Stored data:
=== Section Start ===

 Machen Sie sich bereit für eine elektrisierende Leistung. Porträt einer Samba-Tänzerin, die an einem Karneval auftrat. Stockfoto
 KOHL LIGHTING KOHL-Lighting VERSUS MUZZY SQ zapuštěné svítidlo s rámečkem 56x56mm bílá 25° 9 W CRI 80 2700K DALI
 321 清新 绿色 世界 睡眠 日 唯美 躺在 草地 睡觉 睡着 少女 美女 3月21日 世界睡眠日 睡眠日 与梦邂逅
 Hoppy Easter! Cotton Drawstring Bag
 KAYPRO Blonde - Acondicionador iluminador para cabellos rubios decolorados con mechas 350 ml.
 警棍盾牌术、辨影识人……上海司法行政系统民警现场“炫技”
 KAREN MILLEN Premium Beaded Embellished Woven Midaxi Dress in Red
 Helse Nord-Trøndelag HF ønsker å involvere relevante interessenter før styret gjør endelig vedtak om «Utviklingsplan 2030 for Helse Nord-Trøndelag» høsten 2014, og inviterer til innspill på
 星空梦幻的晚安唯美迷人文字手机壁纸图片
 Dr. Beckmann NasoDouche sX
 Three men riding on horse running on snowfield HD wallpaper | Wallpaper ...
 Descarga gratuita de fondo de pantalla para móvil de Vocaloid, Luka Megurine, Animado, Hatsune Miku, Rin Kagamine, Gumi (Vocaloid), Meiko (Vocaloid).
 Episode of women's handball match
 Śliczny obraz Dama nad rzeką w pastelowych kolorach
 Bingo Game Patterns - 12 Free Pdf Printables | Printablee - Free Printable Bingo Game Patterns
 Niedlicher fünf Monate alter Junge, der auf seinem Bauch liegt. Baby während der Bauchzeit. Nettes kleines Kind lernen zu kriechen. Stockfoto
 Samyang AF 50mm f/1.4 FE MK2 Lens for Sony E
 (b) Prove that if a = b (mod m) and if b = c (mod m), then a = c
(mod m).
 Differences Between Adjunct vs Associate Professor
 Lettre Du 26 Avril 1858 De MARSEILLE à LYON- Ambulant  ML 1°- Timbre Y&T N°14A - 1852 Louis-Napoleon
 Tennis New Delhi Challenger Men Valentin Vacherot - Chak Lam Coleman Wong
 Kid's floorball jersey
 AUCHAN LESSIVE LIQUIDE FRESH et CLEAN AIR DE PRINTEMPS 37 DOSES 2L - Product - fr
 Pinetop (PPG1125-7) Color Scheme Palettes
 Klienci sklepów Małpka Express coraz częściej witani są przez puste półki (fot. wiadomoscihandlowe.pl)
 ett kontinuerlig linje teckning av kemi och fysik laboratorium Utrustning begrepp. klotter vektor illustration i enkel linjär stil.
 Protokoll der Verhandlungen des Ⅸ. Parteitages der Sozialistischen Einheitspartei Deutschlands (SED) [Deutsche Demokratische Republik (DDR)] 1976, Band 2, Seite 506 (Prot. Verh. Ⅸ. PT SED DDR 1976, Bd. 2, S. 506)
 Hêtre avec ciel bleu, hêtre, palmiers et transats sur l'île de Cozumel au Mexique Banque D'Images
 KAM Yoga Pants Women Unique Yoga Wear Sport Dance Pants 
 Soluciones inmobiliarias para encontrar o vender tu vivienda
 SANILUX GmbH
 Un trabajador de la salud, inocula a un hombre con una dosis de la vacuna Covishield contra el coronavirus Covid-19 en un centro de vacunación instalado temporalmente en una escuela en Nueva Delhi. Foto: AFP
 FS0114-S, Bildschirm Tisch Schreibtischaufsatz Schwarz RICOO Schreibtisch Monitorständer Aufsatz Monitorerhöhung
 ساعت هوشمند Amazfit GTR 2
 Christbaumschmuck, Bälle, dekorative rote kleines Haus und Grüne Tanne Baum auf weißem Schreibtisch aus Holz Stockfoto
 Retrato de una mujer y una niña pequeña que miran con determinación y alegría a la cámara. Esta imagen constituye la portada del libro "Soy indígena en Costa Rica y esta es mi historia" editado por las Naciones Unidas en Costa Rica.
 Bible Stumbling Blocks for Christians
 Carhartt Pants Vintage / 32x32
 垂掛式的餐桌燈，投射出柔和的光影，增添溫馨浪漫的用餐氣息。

=== Section End ===

HOW TO COMPLETE THIS TASK:
Of the entries listed above, reproduce only the lines starting at the line containing "AUCHAN LESSIVE LIQUIDE" and ending at the line containing "Carhartt Pants Vintage / 32x32". Include both, exactly as they stand.

RESULT OF THE TASK:
 AUCHAN LESSIVE LIQUIDE FRESH et CLEAN AIR DE PRINTEMPS 37 DOSES 2L - Product - fr
 Pinetop (PPG1125-7) Color Scheme Palettes
 Klienci sklepów Małpka Express coraz częściej witani są przez puste półki (fot. wiadomoscihandlowe.pl)
 ett kontinuerlig linje teckning av kemi och fysik laboratorium Utrustning begrepp. klotter vektor illustration i enkel linjär stil.
 Protokoll der Verhandlungen des Ⅸ. Parteitages der Sozialistischen Einheitspartei Deutschlands (SED) [Deutsche Demokratische Republik (DDR)] 1976, Band 2, Seite 506 (Prot. Verh. Ⅸ. PT SED DDR 1976, Bd. 2, S. 506)
 Hêtre avec ciel bleu, hêtre, palmiers et transats sur l'île de Cozumel au Mexique Banque D'Images
 KAM Yoga Pants Women Unique Yoga Wear Sport Dance Pants 
 Soluciones inmobiliarias para encontrar o vender tu vivienda
 SANILUX GmbH
 Un trabajador de la salud, inocula a un hombre con una dosis de la vacuna Covishield contra el coronavirus Covid-19 en un centro de vacunación instalado temporalmente en una escuela en Nueva Delhi. Foto: AFP
 FS0114-S, Bildschirm Tisch Schreibtischaufsatz Schwarz RICOO Schreibtisch Monitorständer Aufsatz Monitorerhöhung
 ساعت هوشمند Amazfit GTR 2
 Christbaumschmuck, Bälle, dekorative rote kleines Haus und Grüne Tanne Baum auf weißem Schreibtisch aus Holz Stockfoto
 Retrato de una mujer y una niña pequeña que miran con determinación y alegría a la cámara. Esta imagen constituye la portada del libro "Soy indígena en Costa Rica y esta es mi historia" editado por las Naciones Unidas en Costa Rica.
 Bible Stumbling Blocks for Christians
 Carhartt Pants Vintage / 32x32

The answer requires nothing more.